Surgical intervention

PD surgeries were performed at six high-volume pancreatic surgery centres in China (each performing ≥ 100 PD surgeries annually) and by 2–4 pancreatic specialists at each centre. Pancreatic reconstruction was performed by pancreaticojejunostomy with a duct-to-mucosa anastomosis or invagination (at the surgeon’s discretion). Patients underwent full open surgery, full laparoscopic surgery, or laparoscopic assisted surgery. Free drains were placed in each patient near the pancreas-intestinal and choledochal-intestinal anastomotic stoma. According to the recommendation of ISGPS, drain removal is based on clinical (absence of fever) and laboratory arguments (dosage and kinetics of amylase in drains on postoperative D1, D3 ± D5).

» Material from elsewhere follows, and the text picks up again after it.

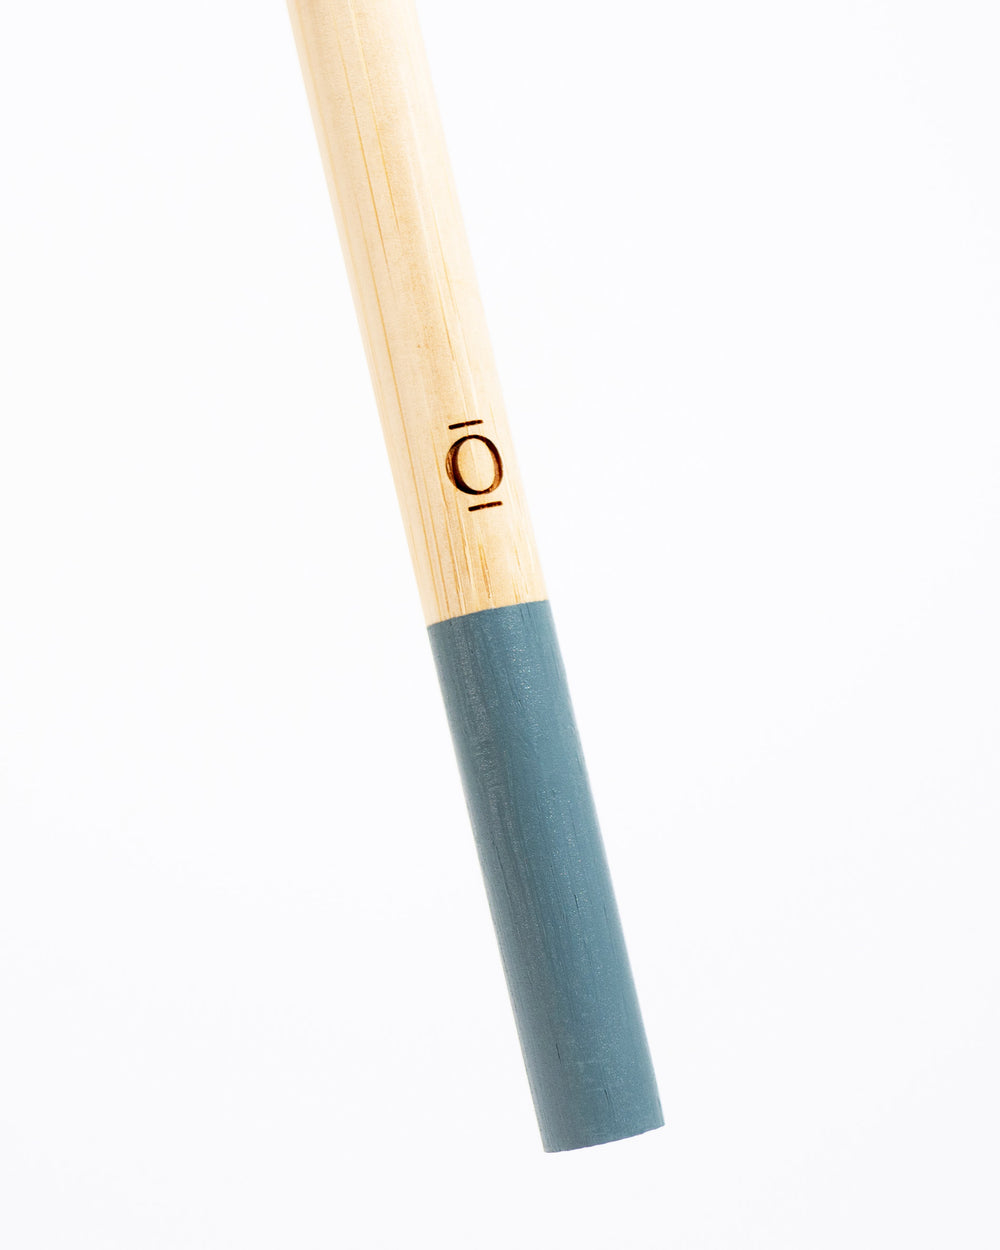 YOKU Blue Clay Bamboo Toothbrush

Postoperative care was consistent in both groups. Usually, when the patient's gastrointestinal function recovers after PD (such as fart or defecation), and when there is no clinically related pancreatic fistula, oral diet will be resumed. All the patients used antibiotics (metronidazole + second-generation cephalosporins) within 72 h after PD. Laboratory values were assessed every other day; however, amylase levels in the drainage fluid were measured daily when drainage catheters were present. Cross-sectional abdominal imaging was performed if a possible intra-abdominal complication was suspected. Patients with CR-POPF were treated with somatostatin/somatostatin analogue until their drains were removed, regardless of their initial randomisation. The endpoints were reported by the attending or resident physician in second (Pod 5), third (discharge) and fourth (Pod 30) visits separately (Fig. 1).

Fig. 1
figure 1

Flowchart

Study outcomes

All patients were followed up for a minimum of 30 days, as surgery-related complications are generally expected to occur within 30 days of surgery; any postoperative or post-discharge complications were identified from chart reviews. Complications were reported by the attending or resident physician involved with each patient. CR-POPFs were further adjudicated by an independent data monitoring committee.

The primary endpoint was the rate of CR-POPF (Grades B and C POPF) as defined by the 2016 ISGPS criteria (Online Resource 1). Secondary endpoints included the rates of postoperative biochemical leak, morbidity, and the rate of other pancreatectomy-related complications as defined by the 2016 ISGPS criteria, Surgical Infection Society Revised Guidelines on the Management of Intra-Abdominal Infection [7] and the consensus statement on the diagnosis, treatment, and prevention of common complications after pancreatic surgery in China [8]. All adverse events were graded according to the National Cancer Institute Common Terminology Criteria for Adverse Events (CTCAE version 5.0).

Statistical analysis

We hypothesised that the rate of CR-POPF (within the 30 days following PD) for patients receiving conventional treatment could be reduced from 22% [9] to 7% [10, 11] with somatostatin treatment. To achieve 80% power with a one-sided type I error rate of 2.5%, a value of superiority of 0, and a 1:1 ratio of the two groups, we calculated a sample size of 86 patients per group. We then adjusted for a 5% drop-out rate for a final sample size of 91 patients per group. To further increase the study power and ensure adequate study participants, we aimed to enrol 200 patients (100 per group).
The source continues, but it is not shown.